This entire situation is something that is predictable, and I have personally called it out years ago - not because of some unique ability, but because this is what happened in India and China decades upon decades ago.
There’s only so many jobs which have you a good salary.
So everyone had to become a doctor lawyer or engineer. Business degrees were seen as washouts.
Even for the job of a peon, you had to be educated.
So people followed incentives and got degrees - in any way or form they could.
This meant that degrees became a measure, and they were then ruthlessly optimized for, till they stopped having any ability to indicate that people were actually engineers.
So people then needed more degrees and so on - to distinguish their fitness amongst other candidates.
Education is what liberal arts colleges were meant to provide - but this worked only in an economy that could still provide employment for all the people who never wanted to be engineers, lawyers or doctors.
This mess will continue constantly, because we simply cannot match/sort humans, geographies, skills, and jobs well enough - and verifiably.

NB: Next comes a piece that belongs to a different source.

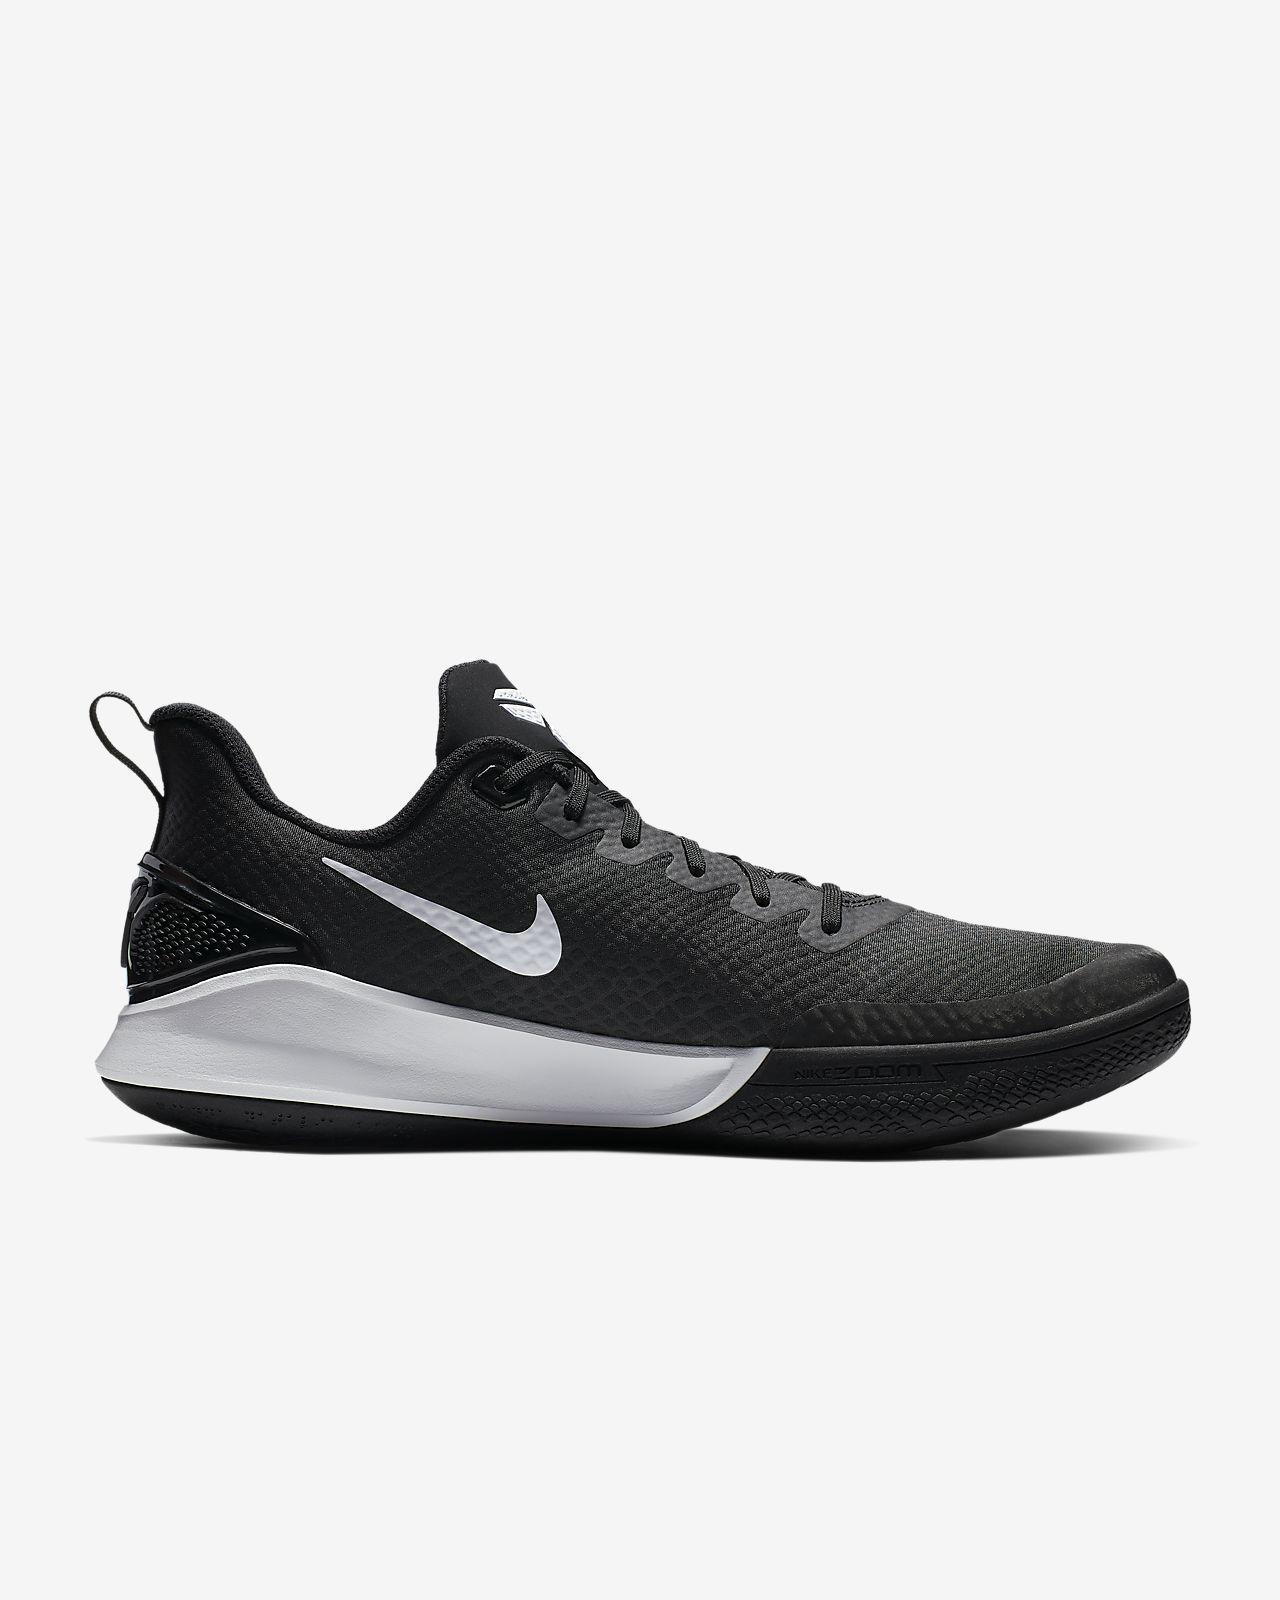 73088d38 Low Resolution Mamba Focus Basketball Shoe Mamba Focus Basketball Shoe

Not everyone is meant to be a startup founder. Or a doctor. Or a plumber, or a historian or an architect or an archaeologist.
It’s a jobs market problem, and has been this way ever since the American economy wasn’t able to match people with money for their skills.
Yep, it's a job market problem. Only degrees that are somehow limited in their supply will continue to hold value, the rest approach worthlessness. Neither the state nor universities have any interest to limit the supply.
In my country doctors earn huge salaries and have 100% job security, because their powerful interest groups have successfully lobbied to limit the number of grads below job market's demand. Other degrees don't come even close.